OT cheat says LIRR, union knew about ‘commonplace’ sleeping on the job

Sleeping on the job was “commonplace” at the Long Island Rail Road, thanks to “handshake agreements” between railroad management and the union, according to an admitted overtime scammer.

The attorney for Joseph Balestra, 52, claimed in new court papers that the alleged dozing was “sanctioned by often-ambiguous rules, policies and ‘handshake agreements’ between the union and LIRR management.”

“The nature of the work on many of the overnight shifts at issue required Mr. Balestra and others to perform work at the very beginning and very end of the shift, leaving a several-hour gap in the middle of the shift during which the workers had “nothing to do,” attorney Matthew Keller wrote Tuesday. “As a result, they would sometimes sleep, and claim the hours spent doing so as hours worked.”

Sleeping on the job was so standard that Balestra’s workplace had a “shack with a couch where you could sleep,” the filing in Manhattan federal court said.

Balestra, who worked as a surface foreman for the LIRR, pleaded guilty in September to raking in more than $5,000 in overtime pay as part of an elaborate scheme with other colleagues.
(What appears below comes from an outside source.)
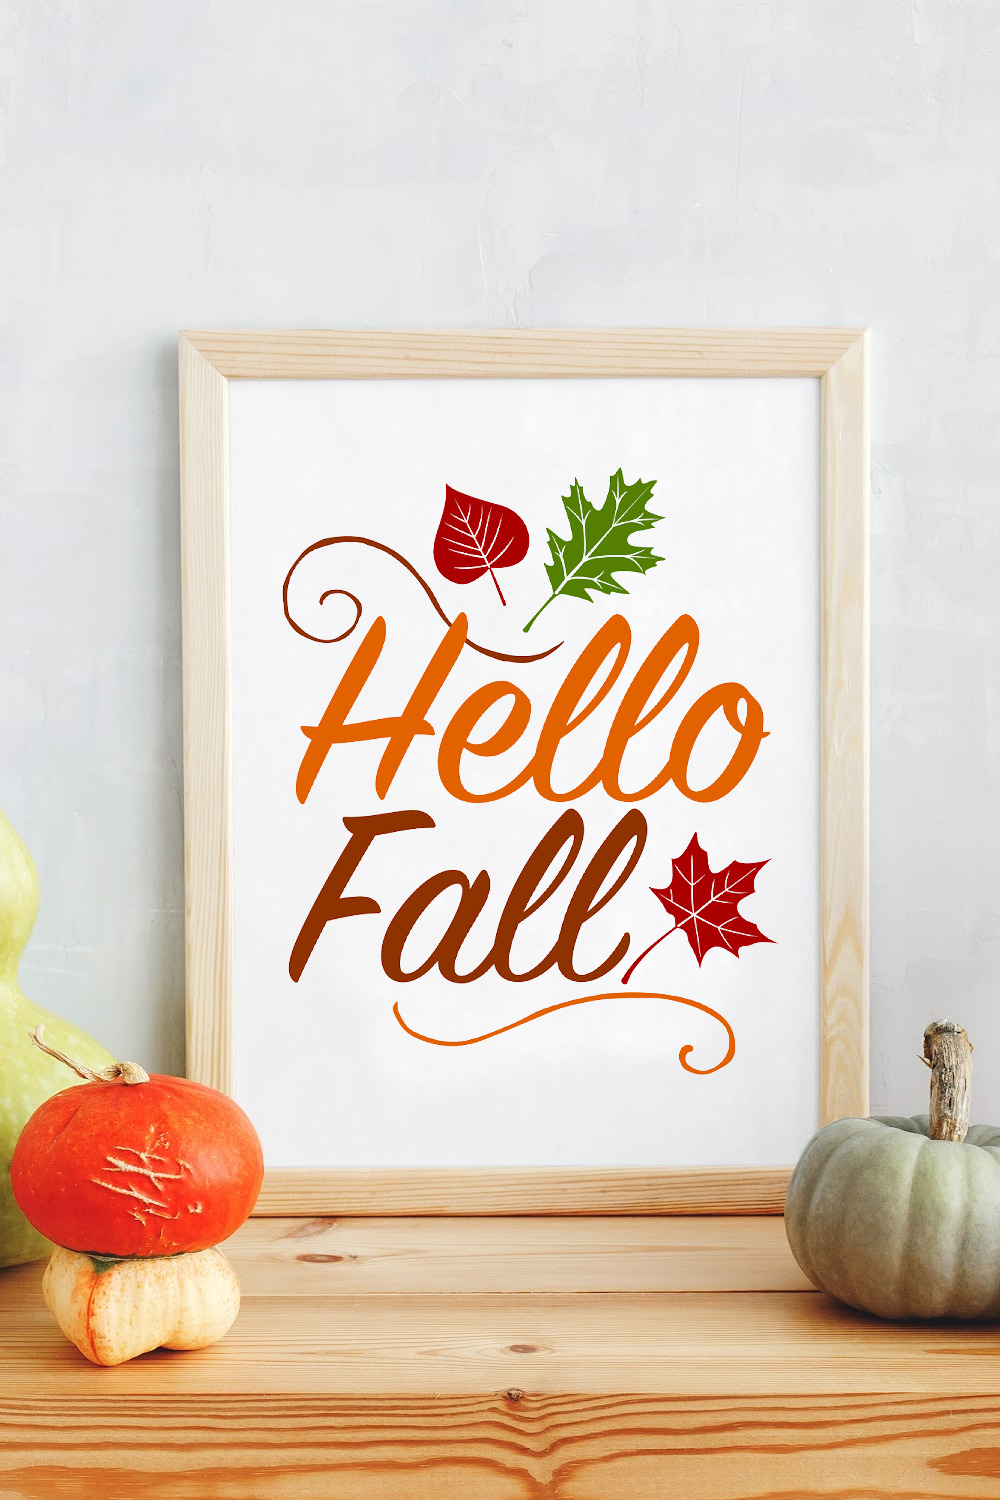 "Hello Fall" fall saying free printable quote.
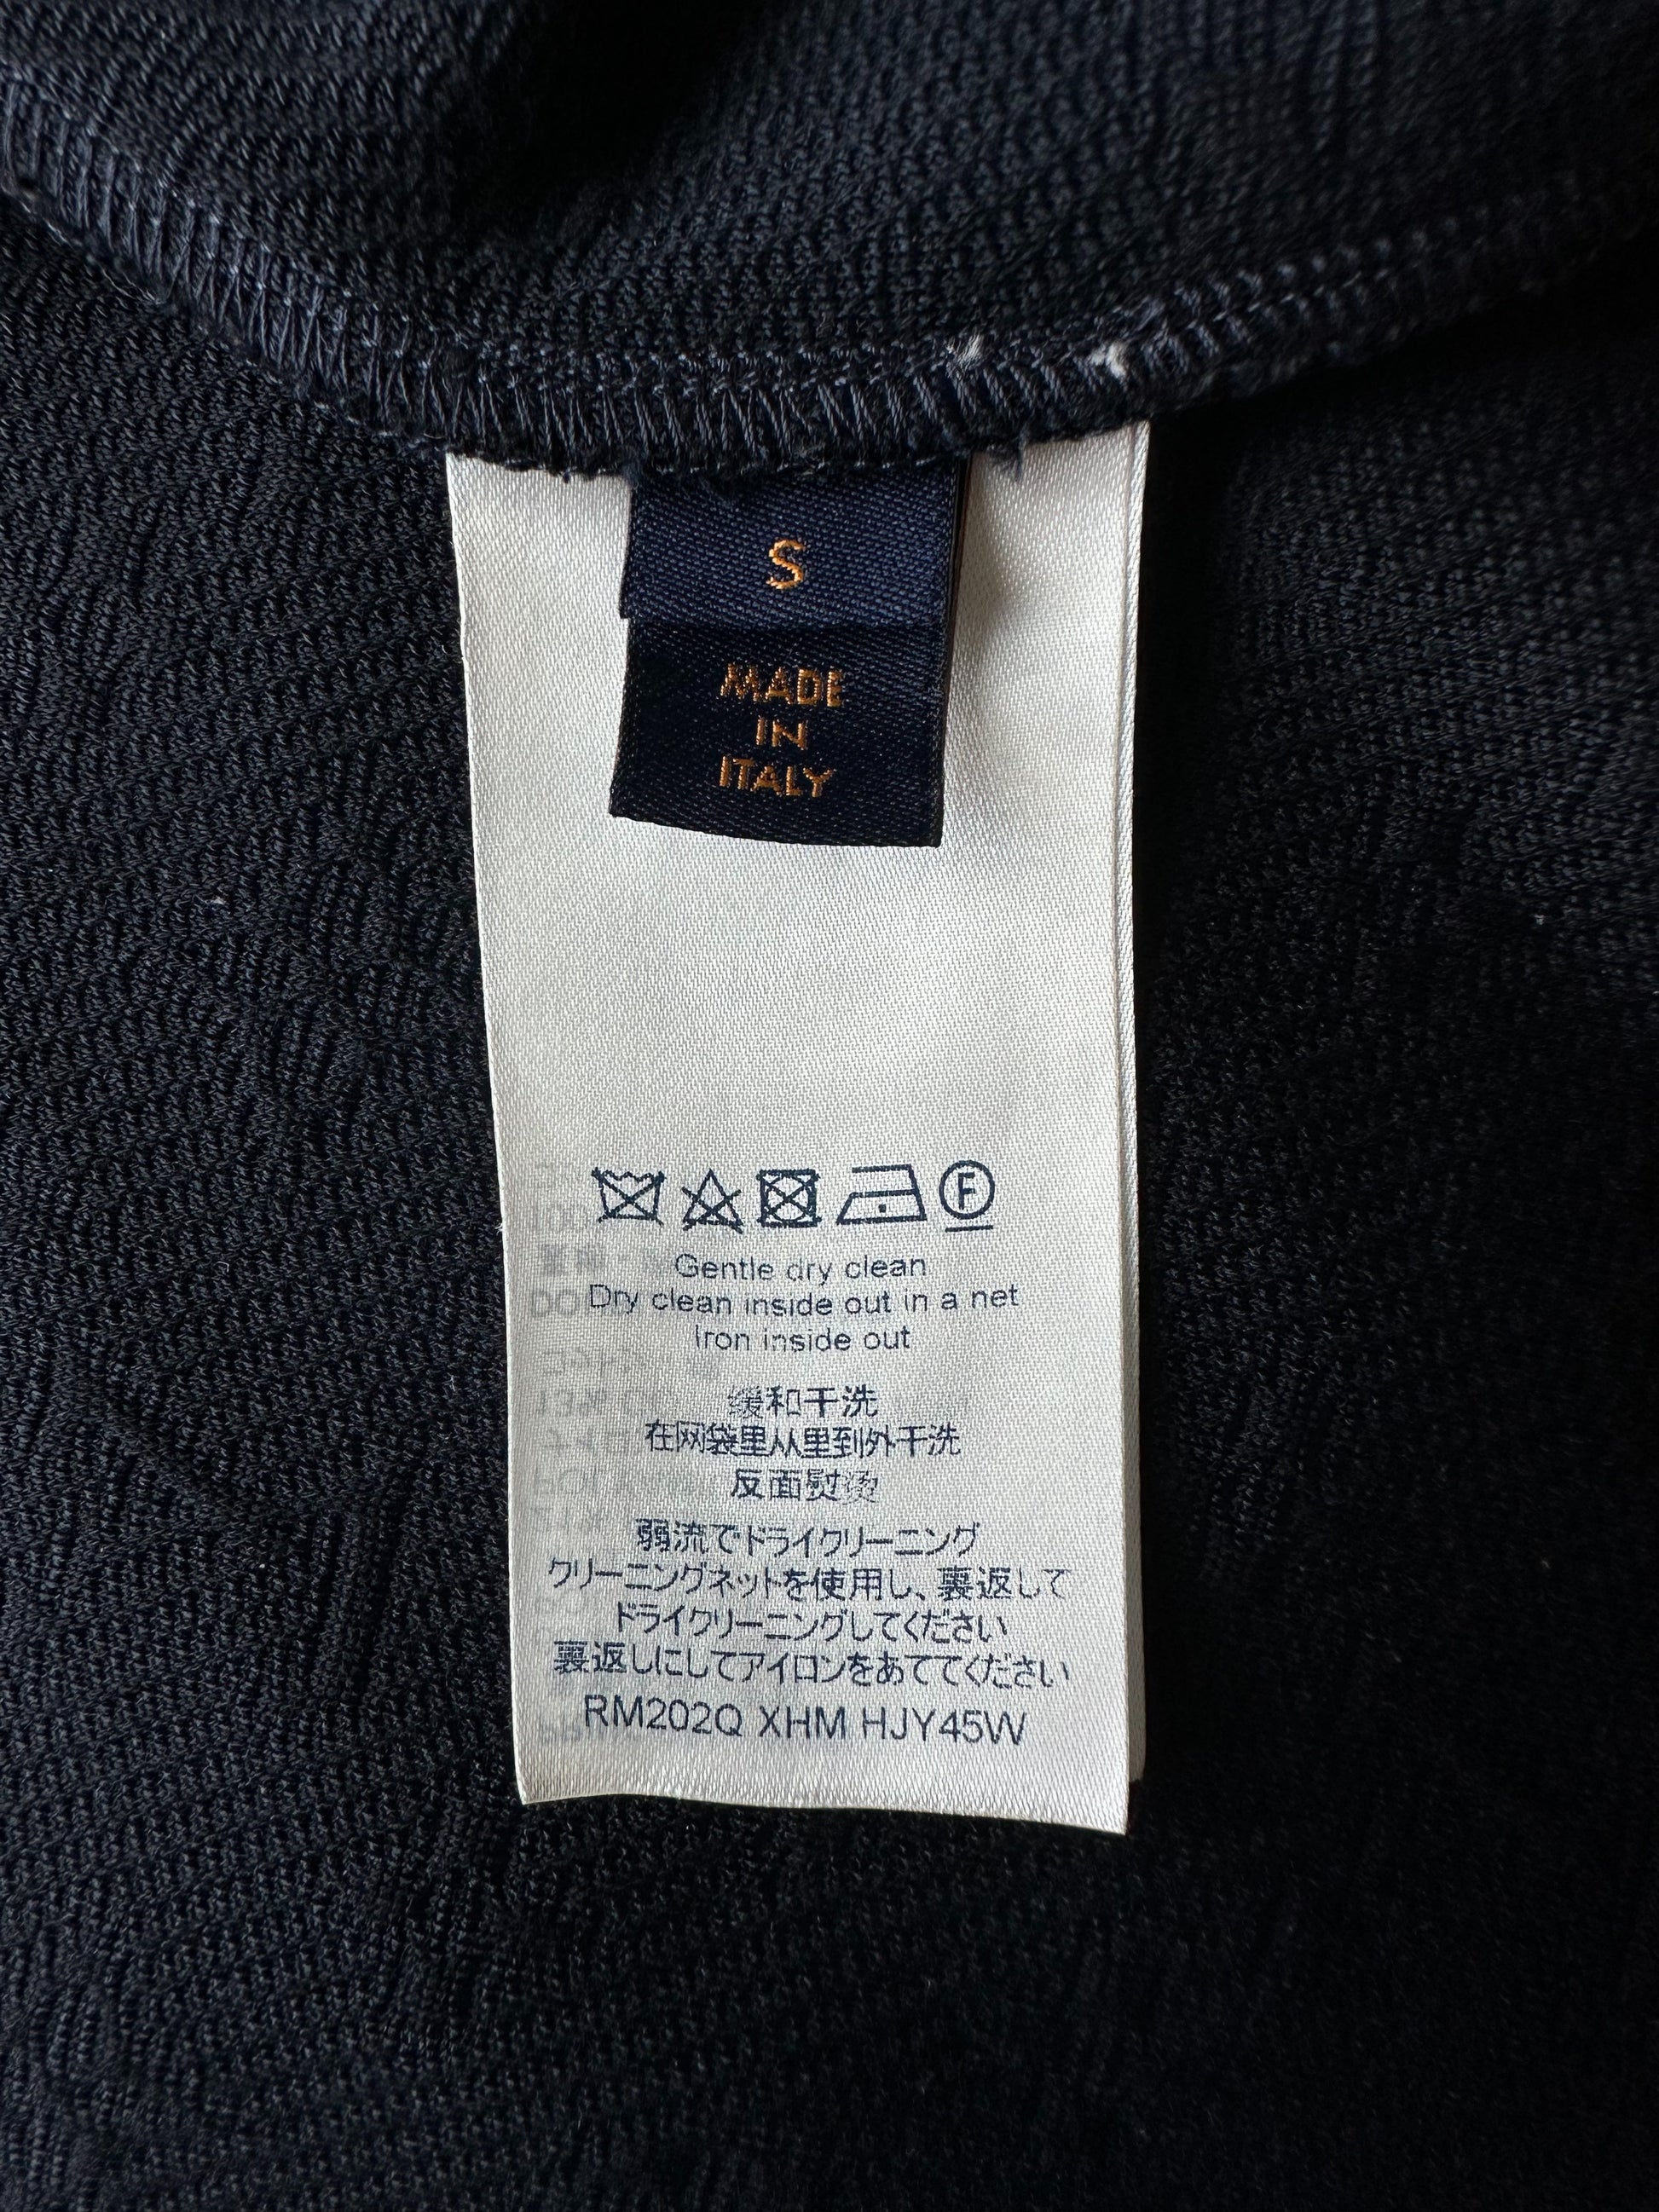 Louis Vuitton Monogram Track Jacket

Photo of the LIRR Transportation Crew Office in Jamaica, Queens.
Sleeping on the job was so standard that Joseph Balestra’s workplace had a “shack with a couch where you could sleep.”
MTA Inspector General

In 2018, he earned $348,000 from the LIRR, including $241,000 in OT after submitting timesheets for 2,954 OT hours, on top of 2,000 regular hours worked, the court filing shows. That comes out to eight hours of extra pay each day for the year.

His stepfather was vice general chairman of SMART Local 29, the LIRR’s largest union, according to the court filing.

Balestra’s co-defendants including MTA “Overtime King” Thomas Caputo, John Nugent and Joseph Ruzzo have also pleaded guilty. A fifth defendant, Frank Pizzonia, has filed papers indicating plans to plead guilty as well.

Photo of the LIRR Transportation Crew Office in Jamaica, Queens.
Employees would allegedly sleep during the several-hour gap in the middle of the shift and claim that time as hours worked.
MTA Inspector General

Prosecutors said the crew used union seniority to rack up “improbable” amounts of overtime pay by landing jobs on mega-projects where they could maintain an “informal rotation” where one person would leave and the rest of the group would cover for him.

The jobs were mostly on two projects, prosecutors said — a private construction project at Hudson Yards in Manhattan that required LIRR supervision, and Queens track work connected to the MTA’s disastrously delayed $11 billion East Side Access project.

Both projects “had several positions where more LIRR employees were assigned than were necessary to allow the construction to progress,” according to court docs.

LIRR.
In September, Joseph Balestra admitted to raking in more than $5,000 in overtime pay as part of an elaborate scheme with other colleagues.
Christopher Sadowski

The men face up to 16 months in jail.

Balestra will be sentenced Jan. 4. His lawyer asked the court to lock him up for no more than 60 days, arguing that his client has suffered enough and the LIRR has taken steps to prevent future time fraud.

“Mr. Balestra deserves to be punished as an individual for what he has admitted to, rather than as a proxy for the wrong of other parties,” the filing said.

Joseph Balestra.
Joseph Balestra was arrested in 2020 along with the other defendants after law enforcement investigators uncovered the overtime conspiracy.
Robert Mecea

Balestra earned $348,000 from the LIRR in 2018. He was arrested in 2020 along with the other defendants after law enforcement investigators uncovered the overtime conspiracy with help from the MTA Inspector General’s Office.

In a series of stories in 2019, The Post reported Caputo reigned as the MTA’s “Overtime King,” who raked in $344,147 in extra income in 2018.

MTA officials have since rolled out biometric timeclocks through the transit system to ensure workers are at work while claiming pay.

“The LIRR has no tolerance for timekeeping fraud, which is a violation of the trust the public places in employees to be honest about the work they perform,” MTA spokesman Aaron Donovan said in a statement. “The LIRR is working to ensure that no fraudulently gained time or compensation is supplied to the pension system thereby inflating the pension.”